In particular, hourly positions often receive hundreds of applications. The average time spent doing an initial resume review is only 6 seconds. It’s unlikely that the employer will be able to properly screen every application let alone give everyone a fair chance at an interview. Typically, only 1 to 3 people actually get an interview. Whether you are currently unemployed and looking for your next gig or you have a job and you’re open to new opportunities, applying to jobs can be a challenging and discouraging process.

These numbers seem daunting, but there are a several simple things you can do to significantly increase the likelihood that are part of these select few that do get an interview.

This is the focus of this article.

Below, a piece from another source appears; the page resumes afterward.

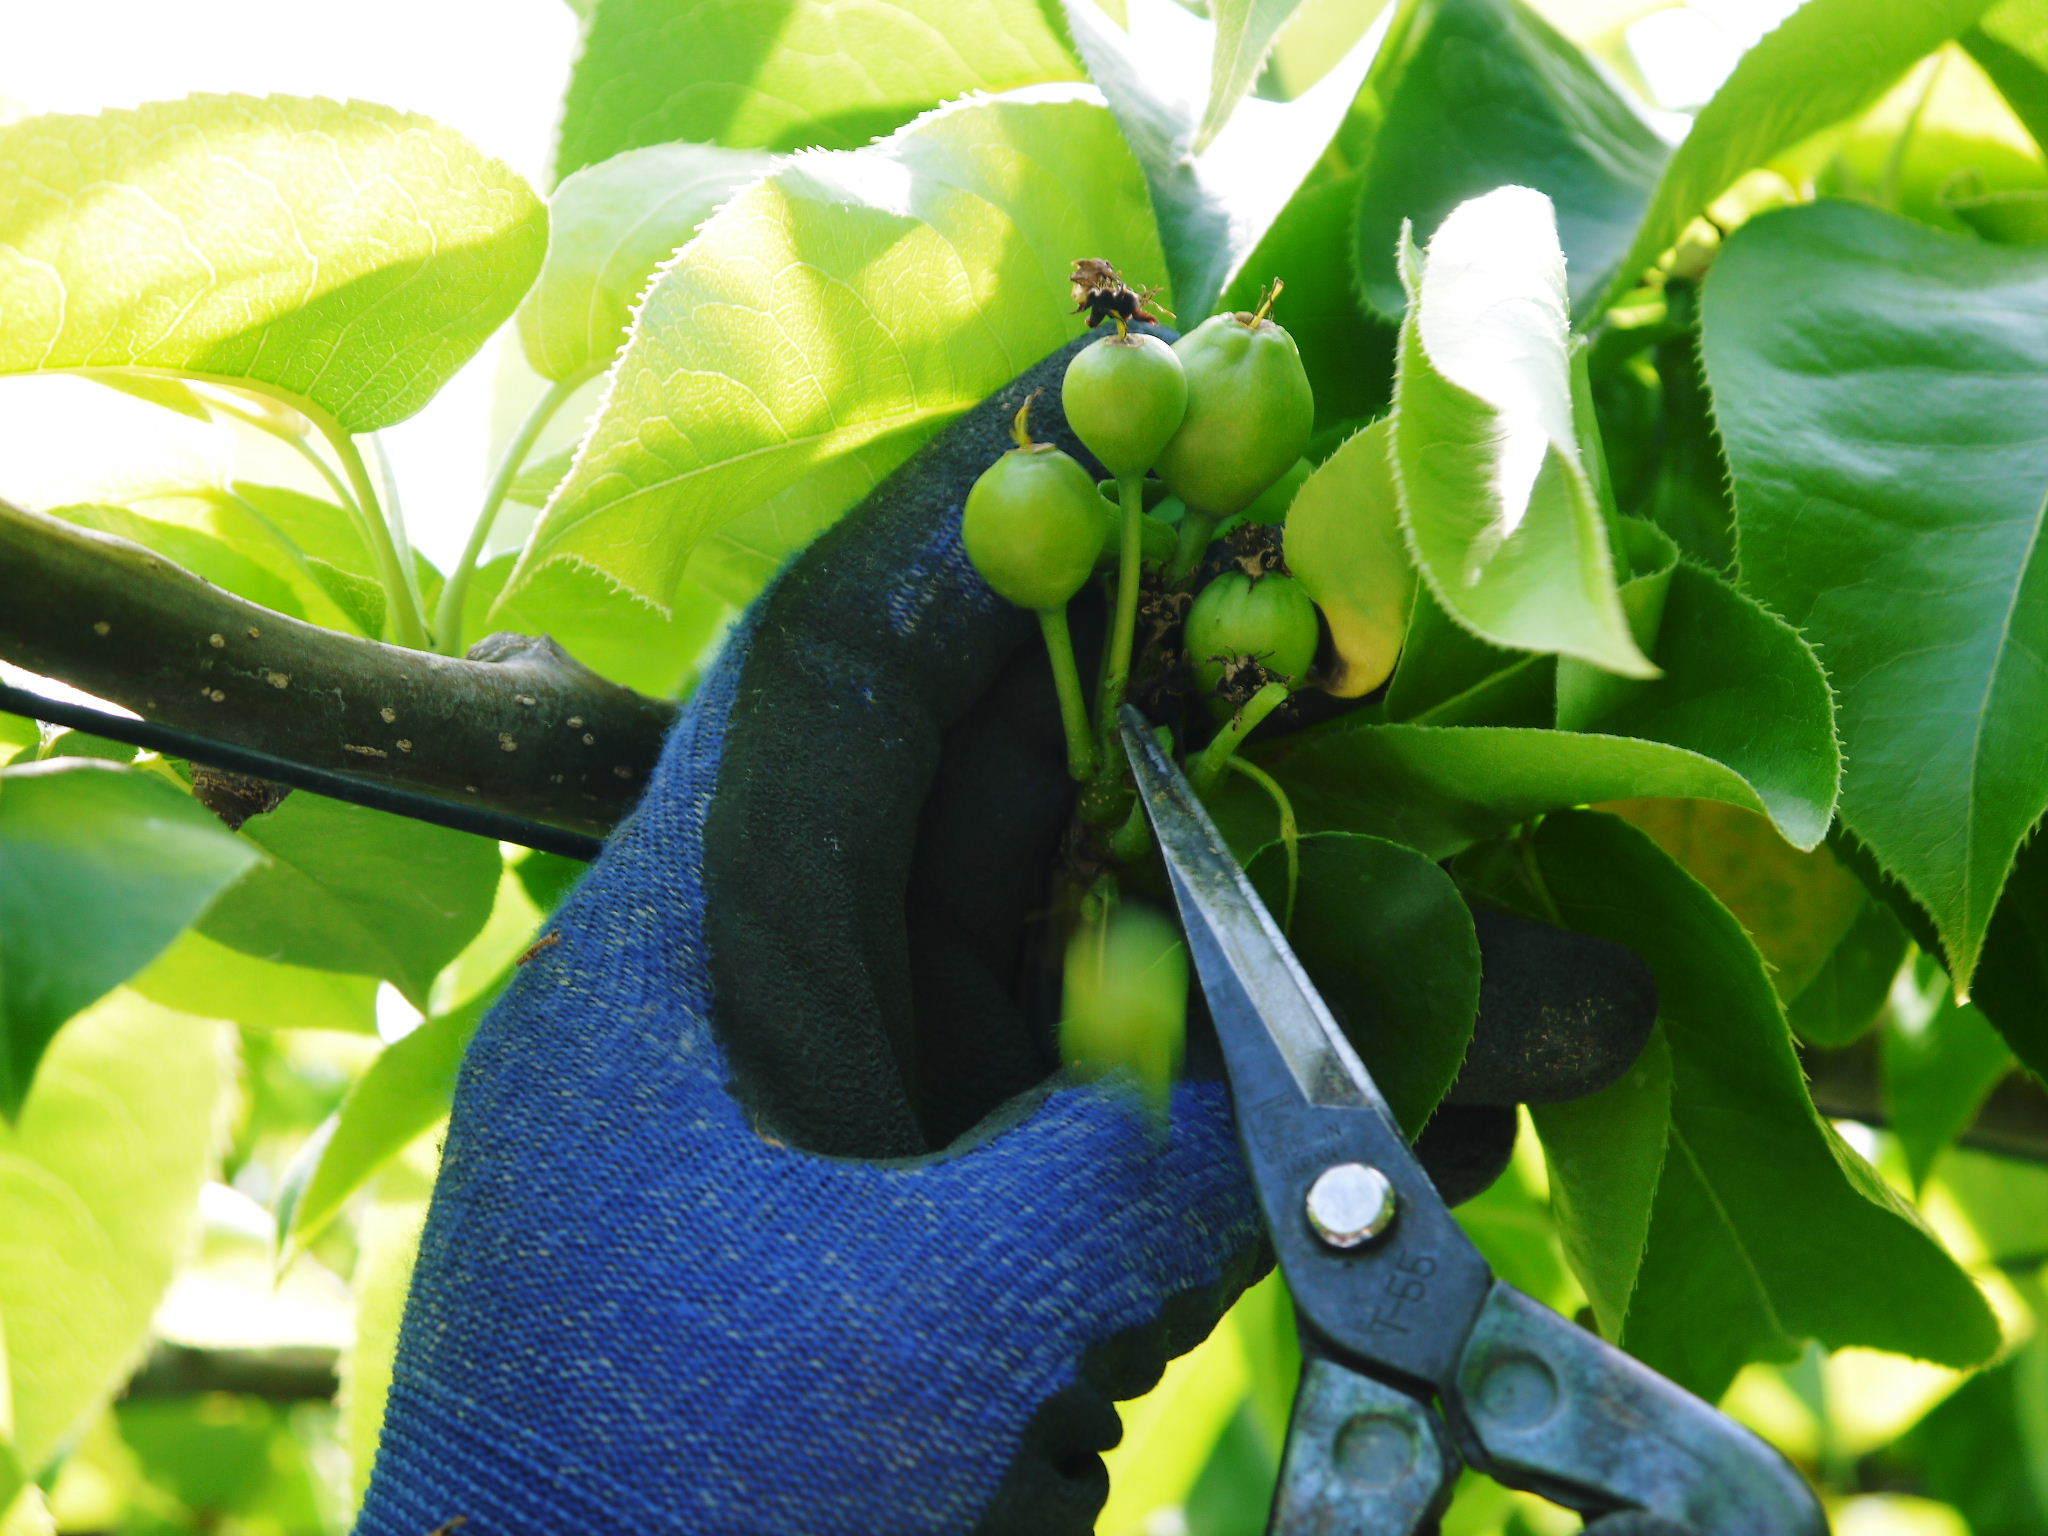 熊本梨 本藤果樹園 令和2年も7月下旬からの出荷に向け、匠の摘果作業がスタートしてます!_a0254656_18354122.jpg

I’m going to walk you through several tips that will give you an edge over your competition.

Let’s get started.

1. Apply to Lots of Jobs and Don’t Stop Applying

Editor’s Note: We suggest you create multiple job alerts on so that you see when a job that matches your interests get posted…and you can be among the first to apply!

One reason for this is that applying to jobs, interviewing and the entire process of landing a job is a learnable skill set that takes practice. The more jobs you apply to, the faster you will learn what works and what does not.

If you’re just starting the process of applying to jobs, you may even want to apply to a few jobs that are perhaps not perfect but give you a chance to practice these skills. Don’t just shotgun your resume to everyone, but take the time to try different tactics in your cover letter and resume and see what yields results.

Also, just because you have some interviews lined up doesn’t mean you should stop applying to jobs. You may not get hired and you don’t want to be stuck starting from scratch. Continue to create a pipeline of potential options.

2. Track Your Progress and Results

This may seem like overkill, but it is essential to giving you an edge. Create a simple spreadsheet and keep track of what jobs you apply to, what resume you sent, who the contact is, when you applied and any other details that seem to make sense to you.

This way when you do get a positive response like an interview or follow up, you can track it back to what job and what you actually sent them. Then you can use that combination for the next batch of applications.

3. Target Your Cover Letter

It’s ok to have a template cover letter as a start point when you apply to a position, but it is critical that you modify it for each job you apply to. A recruiter, hiring manager or business owner is going to be able to sniff out a generic cover letter immediately.

You have only 6 seconds to connect with the person reviewing your application. The cover letter is usually the first contact point, make sure you make a good impression.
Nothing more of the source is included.